This weekend I found myself in a bar bidding farewell to one of my fiance's co-workers who is bound for Brazil to teach English as a second language. As we approached the front door I heard the unmistakable sound of disco blaring out through the throng of fiftyish barflies who, in this modern era, had been relegated to smoking outside. I resigned myself to enduring Andy Gibb for a few hours, overpaying for scotch, and being grateful that I was overtly attached to my date, as signified by the engagement ring and her habit of clutching my hand in fear when confronted by aging drunkards. In the end it wasn't that bad at all; the booze was certainly overpriced, but the bartender wasn't particularly mindful of his portion control so it all evened out in the end, and our hostess and her friends were charming and gracious the whole night through. Being a decade older than my fiance, I was a bit closer to the rest of the crowd in age anyway, and having been introduced to music at a young age I even had my own moments of nostalgia now and again as I remembered where I was when I first heard a particular Donna Summers song. Everyone else at the table was out smoking pot in a white polyester suit and I was at home experimenting with something called 'Lincoln Logs' on an avocado-green berber carpet, but at least I remembered it.
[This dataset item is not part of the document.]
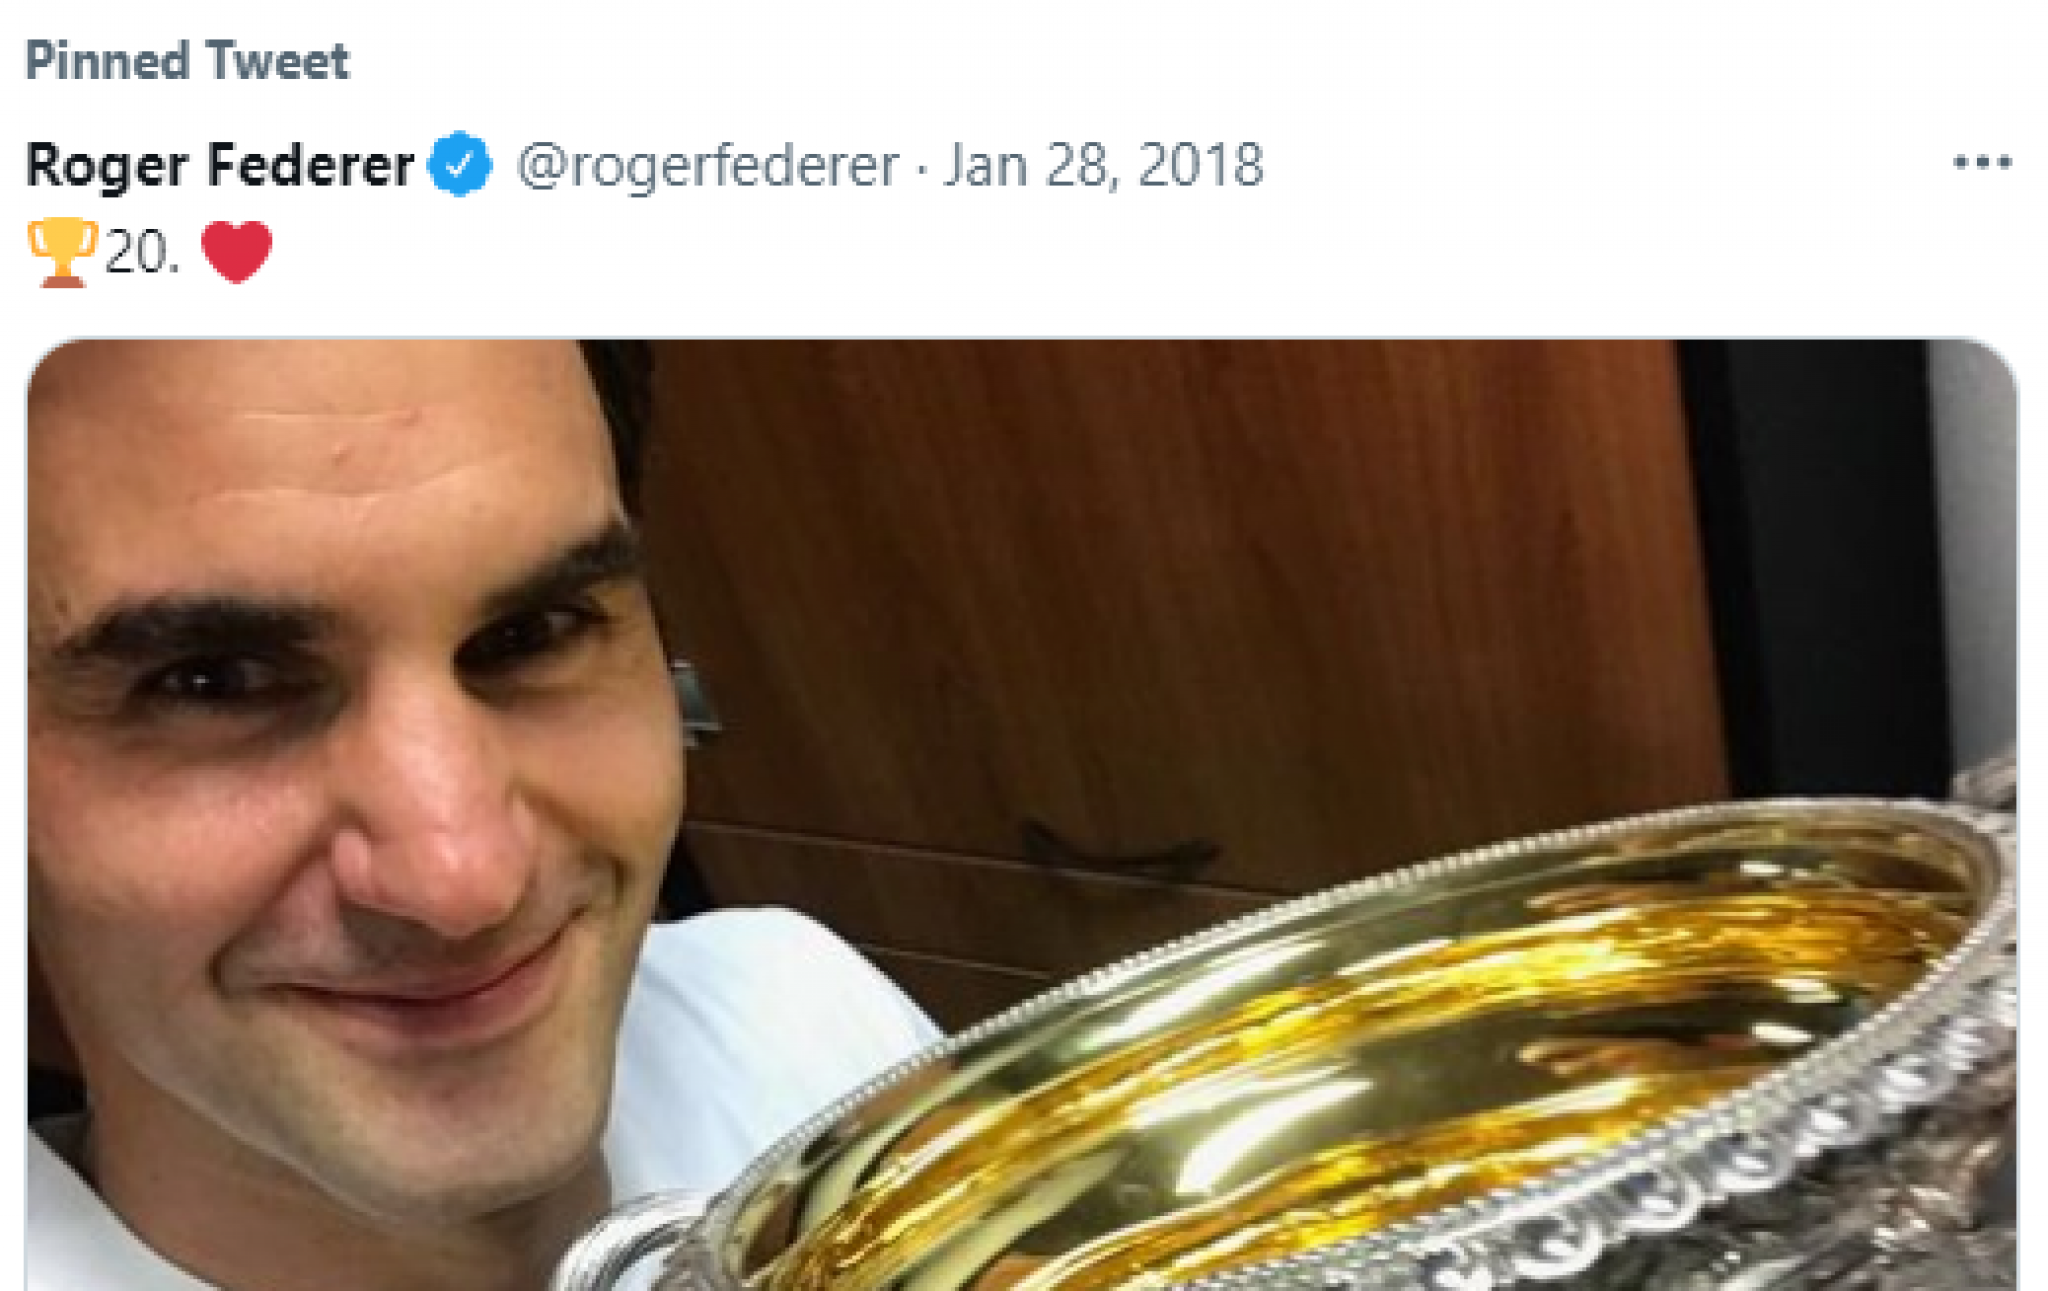 SRAMNE PROVOKACIJE PRED FINALE! Nadal i Federer su OPSEDNUTI Đokovićem, kada ovo vidite sve će vam biti jasno! (FOTO)

As the evening progressed, I realized that even in a bar dedicated to the revival of thirty-year-old dance music the management had devoted yet another entirely seperate room to what the normative patrons regarded as the 'older crowd' (i.e., the ones on oxygen). Dubbed the Elvis Room, it dialed the scene back a further ten to twenty years. In conversing with some of our fellow revelers I learned that it had, until fairly recently, been called the Sinatra Room. I was just about to ask why the shift in theme had occured, when it suddently hit me: mortality. The people who came for Sinatra were, as time progressed, thinning out due to age and eventually death. Every ten years that room was going to be renamed after someone whose heyday was a decade prior to the main room's standard fare as old patrons died and new patrons turned forty.
It was a grim revelation that I thought best to keep private while in the company of people who were themselves inexorably sliding back toward whatever the Elvis Room would be renamed in the years to come, but that moment of potential poigniance was completely shattered by the absurdity of continuing that logic into the next thirty years. Am I going to be in that same fucking bar someday listening to Bauhaus in the Huey Lewis Lounge, while the younger crowd is requesting old Marilyn Manson numbers in the main room?
And in that scenario, how much more obscenely expensive will a twelve-year-old scotch become?